**WHAT YOU ARE ASKED TO DO:**
Give back exactly the line containing "Overhead view of" and all that follow it in the data below, with the pictures left out.

**INFORMATION PROVIDED:**

□ □ □ □ □ □ □

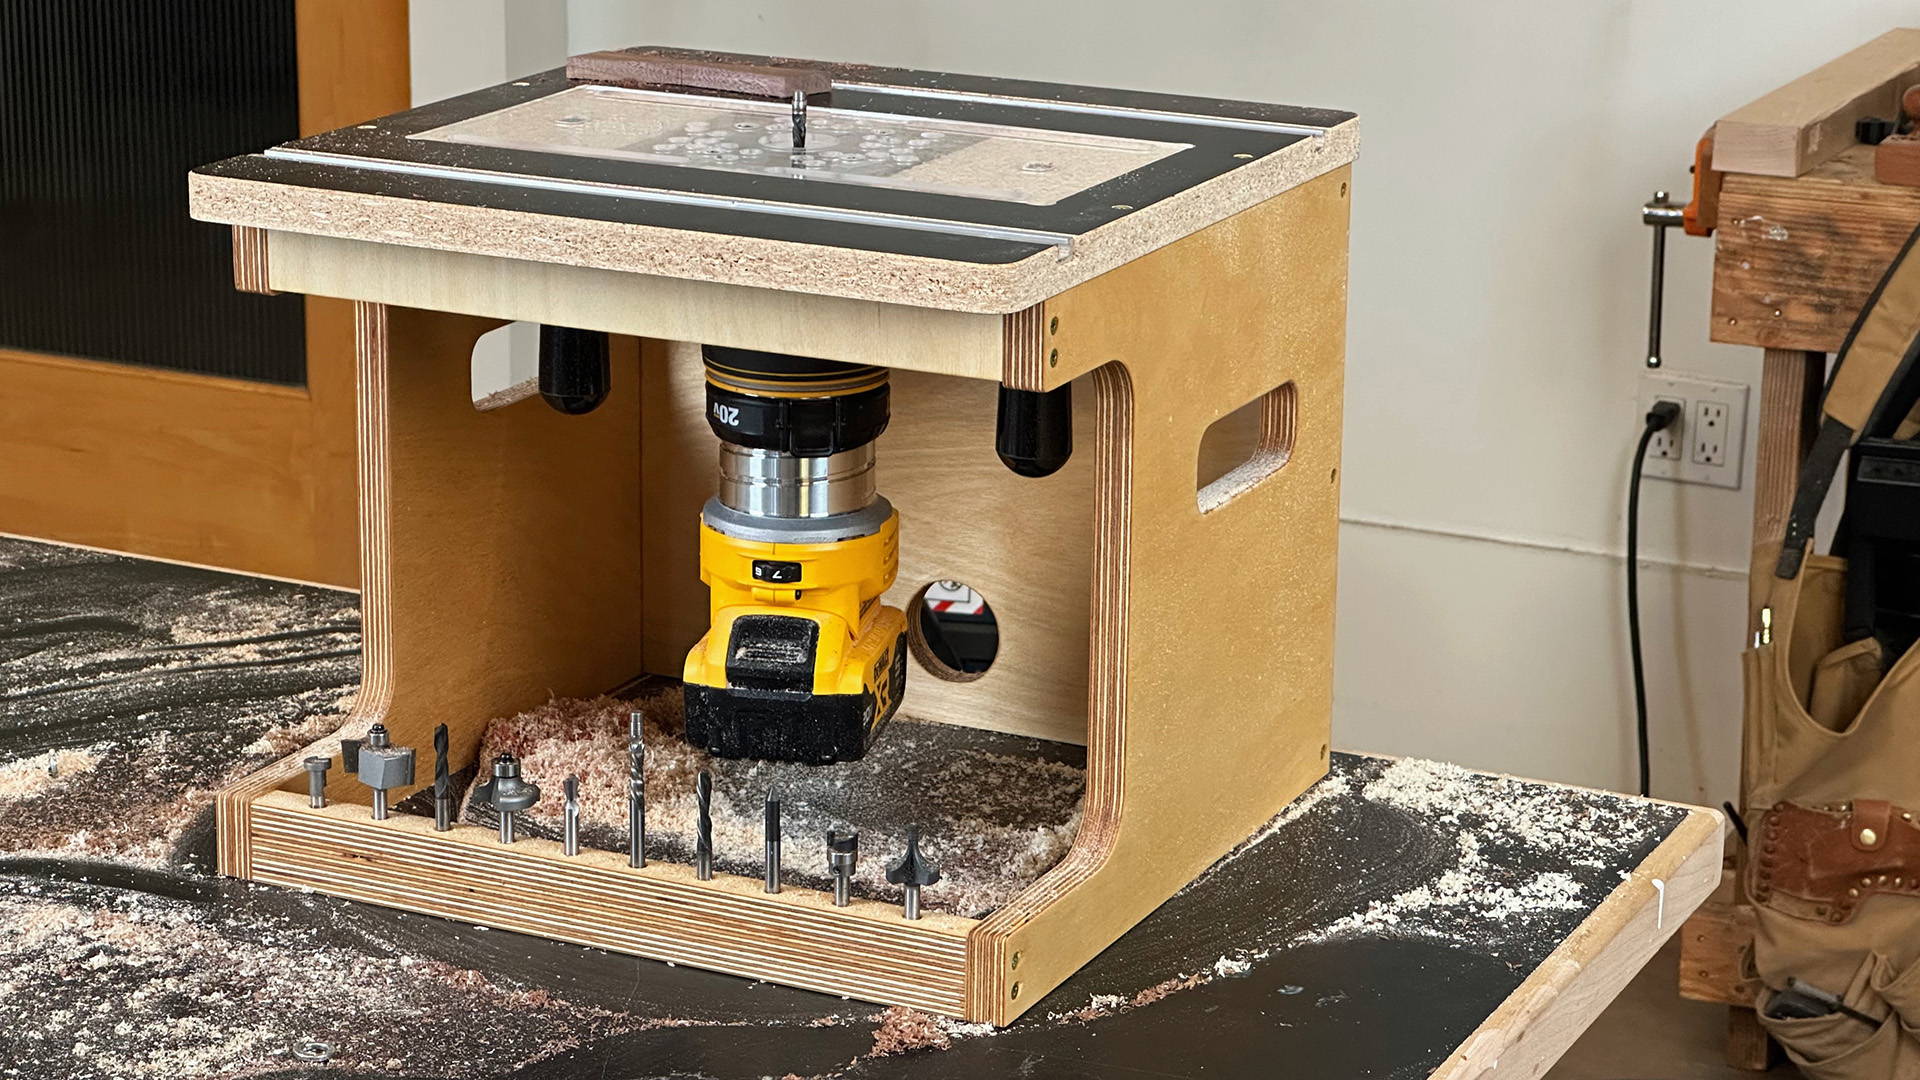 6 Tips for Clean Router Table Cuts: Stop Tearout and Burning Before it Starts
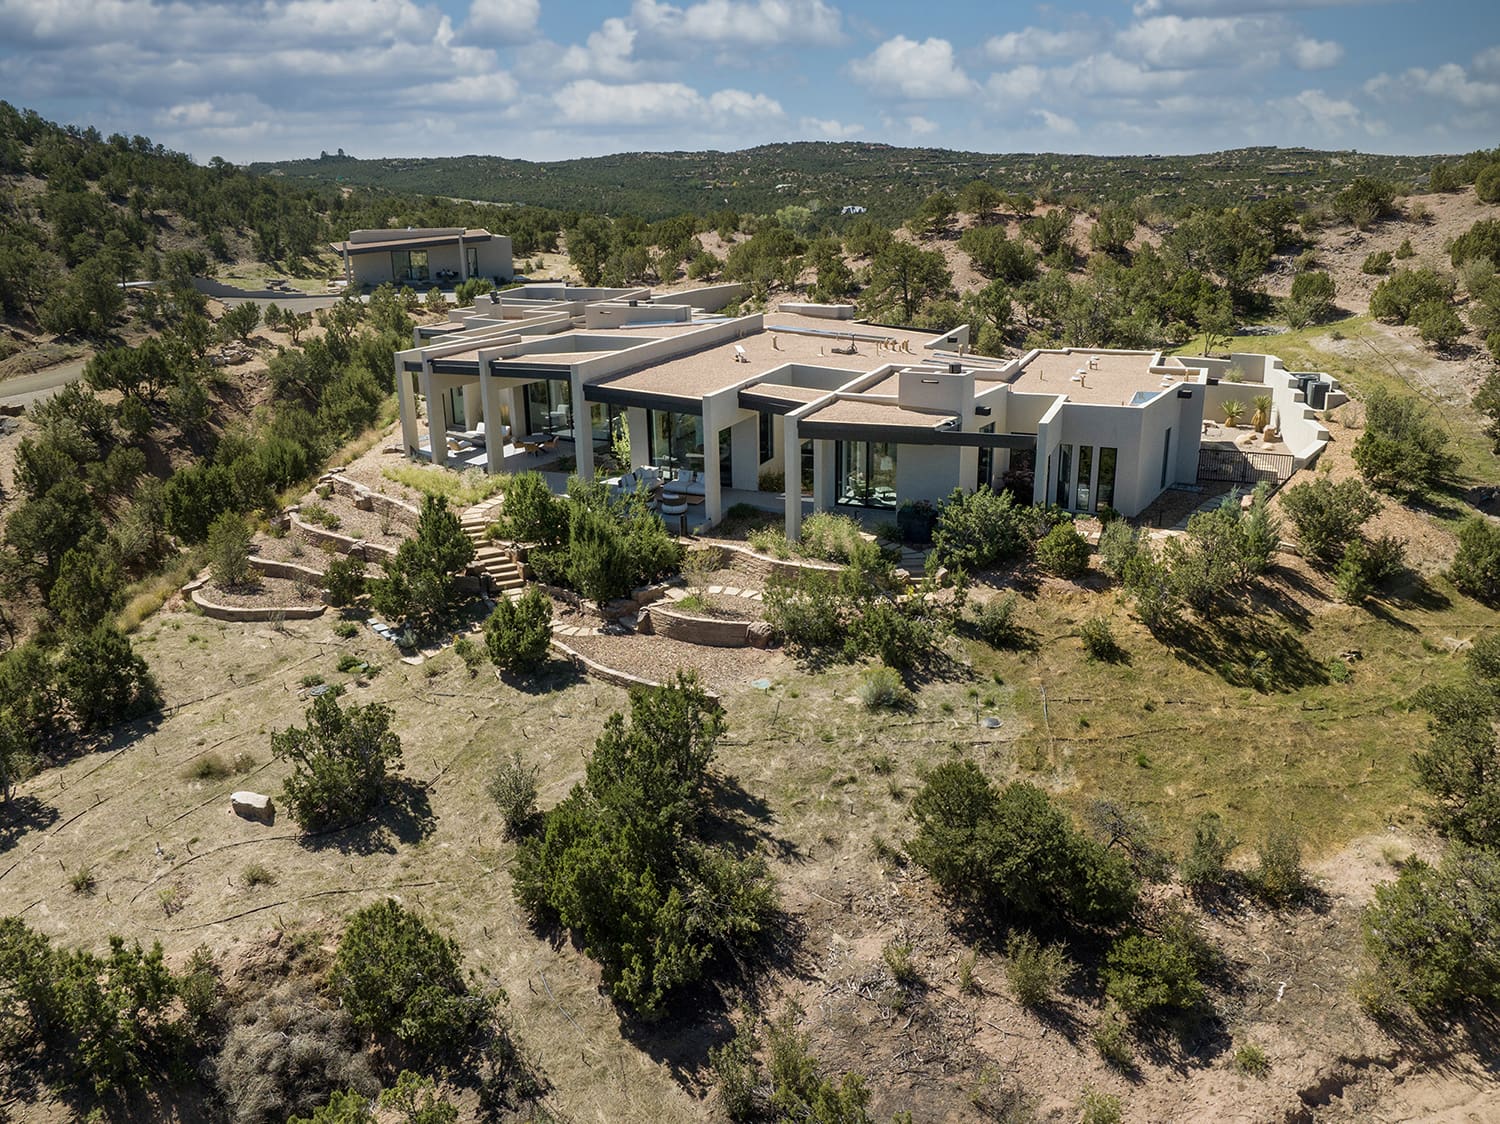 Overhead view of home and studio at tesuque ridge
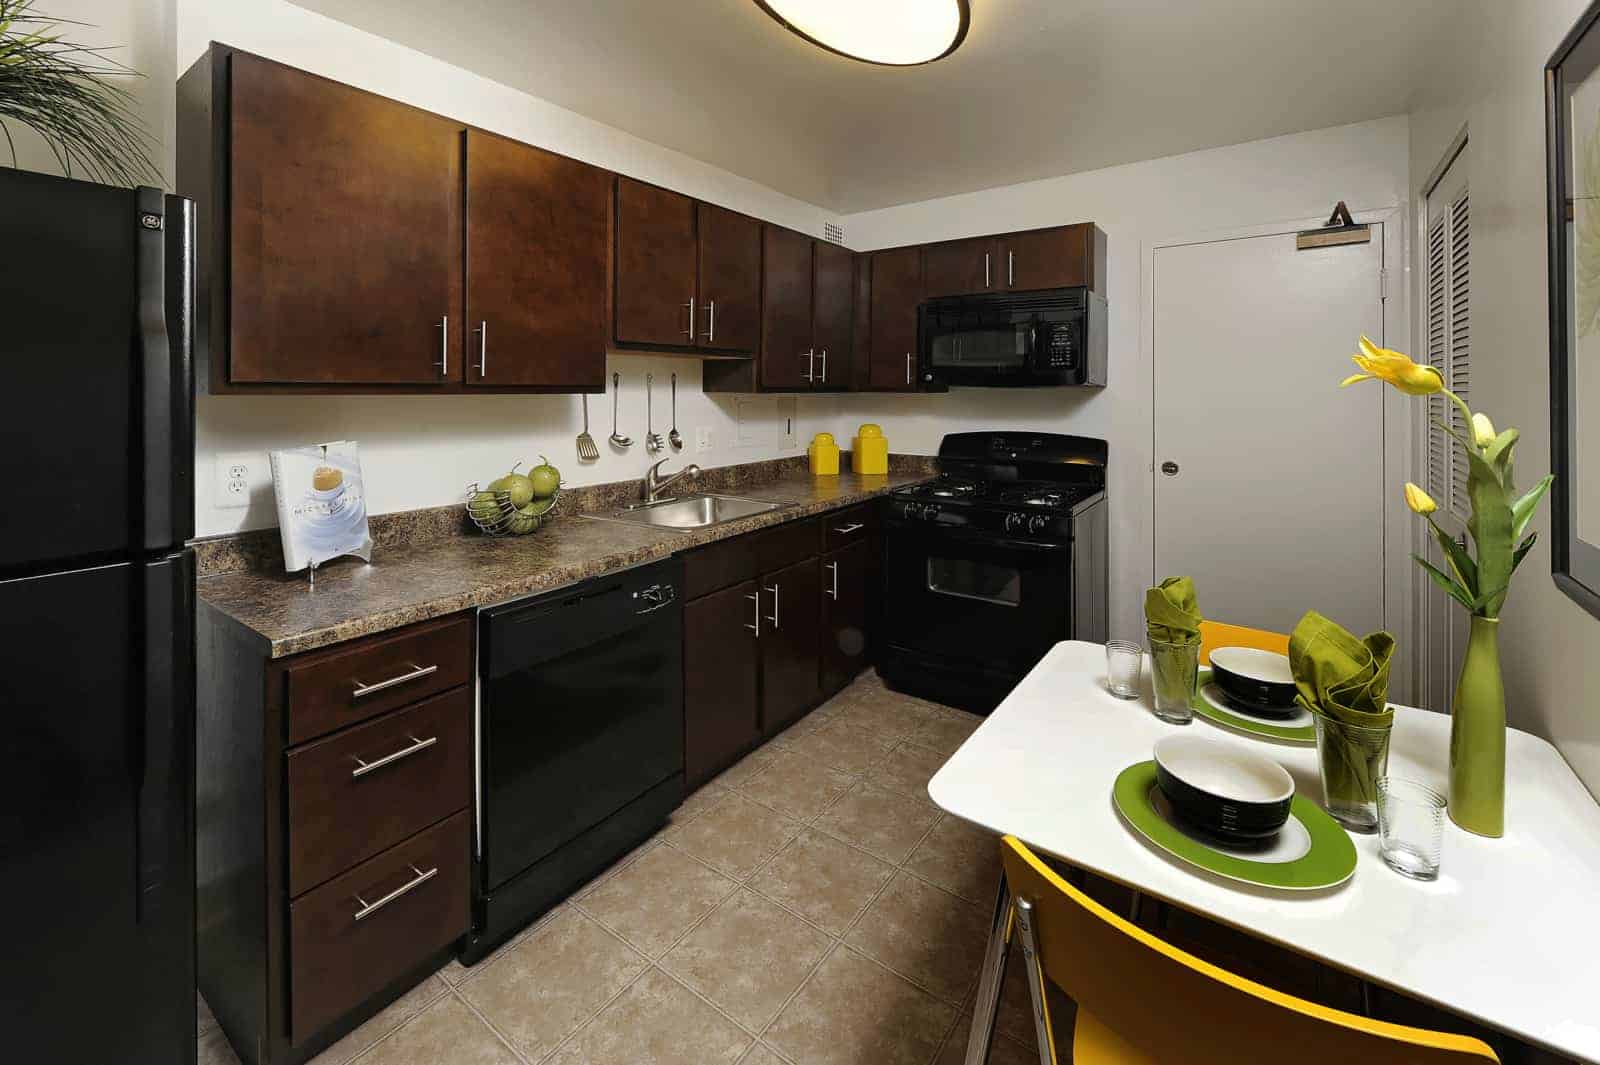 Interior of kitchen with black appliances and brown cabinets.
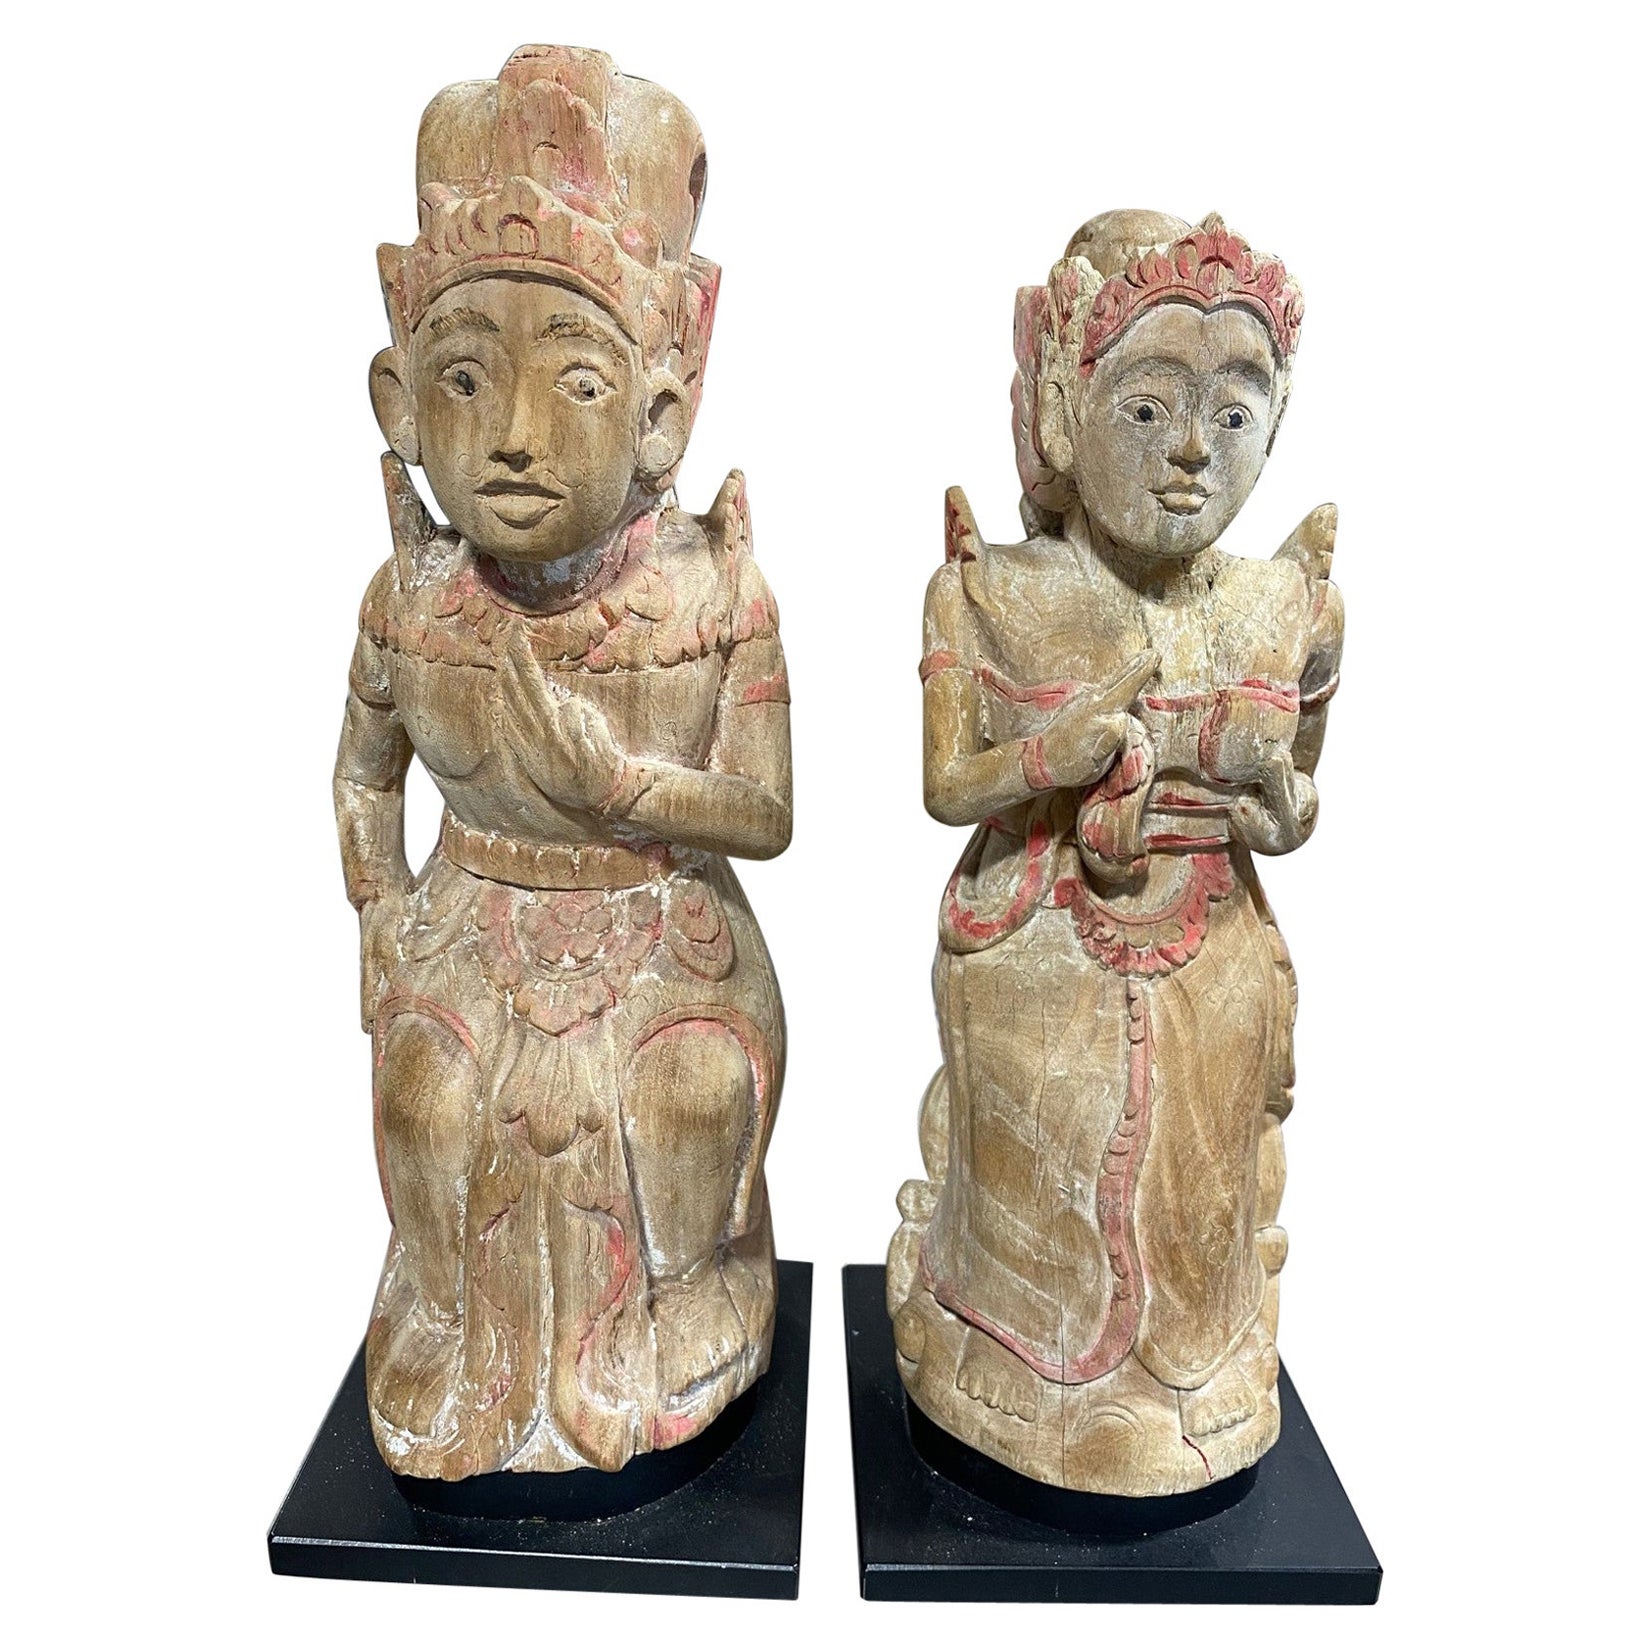 Pair of Indonesian Balinese Wood Carved Devotional Temple Shrine Sculptures 1950

□ □ □ □ □ □ □

**REPLY:**
 Overhead view of home and studio at tesuque ridge
 Interior of kitchen with black appliances and brown cabinets.
 Pair of Indonesian Balinese Wood Carved Devotional Temple Shrine Sculptures 1950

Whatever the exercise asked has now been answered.